Could you write out the lines below exactly, beginning with the first and finishing with the one that contains "photograph by paul"?

====== Record excerpts ======

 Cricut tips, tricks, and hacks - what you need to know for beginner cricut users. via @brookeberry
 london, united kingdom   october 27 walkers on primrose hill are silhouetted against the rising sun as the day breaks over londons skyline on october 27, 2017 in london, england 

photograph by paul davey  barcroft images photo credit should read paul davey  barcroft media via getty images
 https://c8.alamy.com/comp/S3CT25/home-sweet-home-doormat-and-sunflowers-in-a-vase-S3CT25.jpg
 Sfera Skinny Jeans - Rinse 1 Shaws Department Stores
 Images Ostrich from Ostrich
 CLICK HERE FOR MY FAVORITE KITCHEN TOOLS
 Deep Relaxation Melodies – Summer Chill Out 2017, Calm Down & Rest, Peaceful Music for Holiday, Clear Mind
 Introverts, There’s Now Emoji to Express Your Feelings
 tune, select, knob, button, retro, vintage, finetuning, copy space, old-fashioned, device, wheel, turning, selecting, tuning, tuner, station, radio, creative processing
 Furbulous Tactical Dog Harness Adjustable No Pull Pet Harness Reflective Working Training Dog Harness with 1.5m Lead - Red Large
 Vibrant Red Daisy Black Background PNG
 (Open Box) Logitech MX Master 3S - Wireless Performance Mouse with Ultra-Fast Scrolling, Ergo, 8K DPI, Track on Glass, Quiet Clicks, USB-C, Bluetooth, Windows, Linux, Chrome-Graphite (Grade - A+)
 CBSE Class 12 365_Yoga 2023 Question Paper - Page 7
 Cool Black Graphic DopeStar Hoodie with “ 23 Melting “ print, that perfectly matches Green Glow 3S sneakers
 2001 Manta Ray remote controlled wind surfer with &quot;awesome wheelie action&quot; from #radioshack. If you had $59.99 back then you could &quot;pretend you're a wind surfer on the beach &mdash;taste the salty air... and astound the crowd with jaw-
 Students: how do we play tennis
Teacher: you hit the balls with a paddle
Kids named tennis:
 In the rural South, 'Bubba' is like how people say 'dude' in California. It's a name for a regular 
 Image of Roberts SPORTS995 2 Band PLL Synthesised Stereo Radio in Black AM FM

======

## Exercise solution:
 Cricut tips, tricks, and hacks - what you need to know for beginner cricut users. via @brookeberry
 london, united kingdom   october 27 walkers on primrose hill are silhouetted against the rising sun as the day breaks over londons skyline on october 27, 2017 in london, england 

photograph by paul davey  barcroft images photo credit should read paul davey  barcroft media via getty images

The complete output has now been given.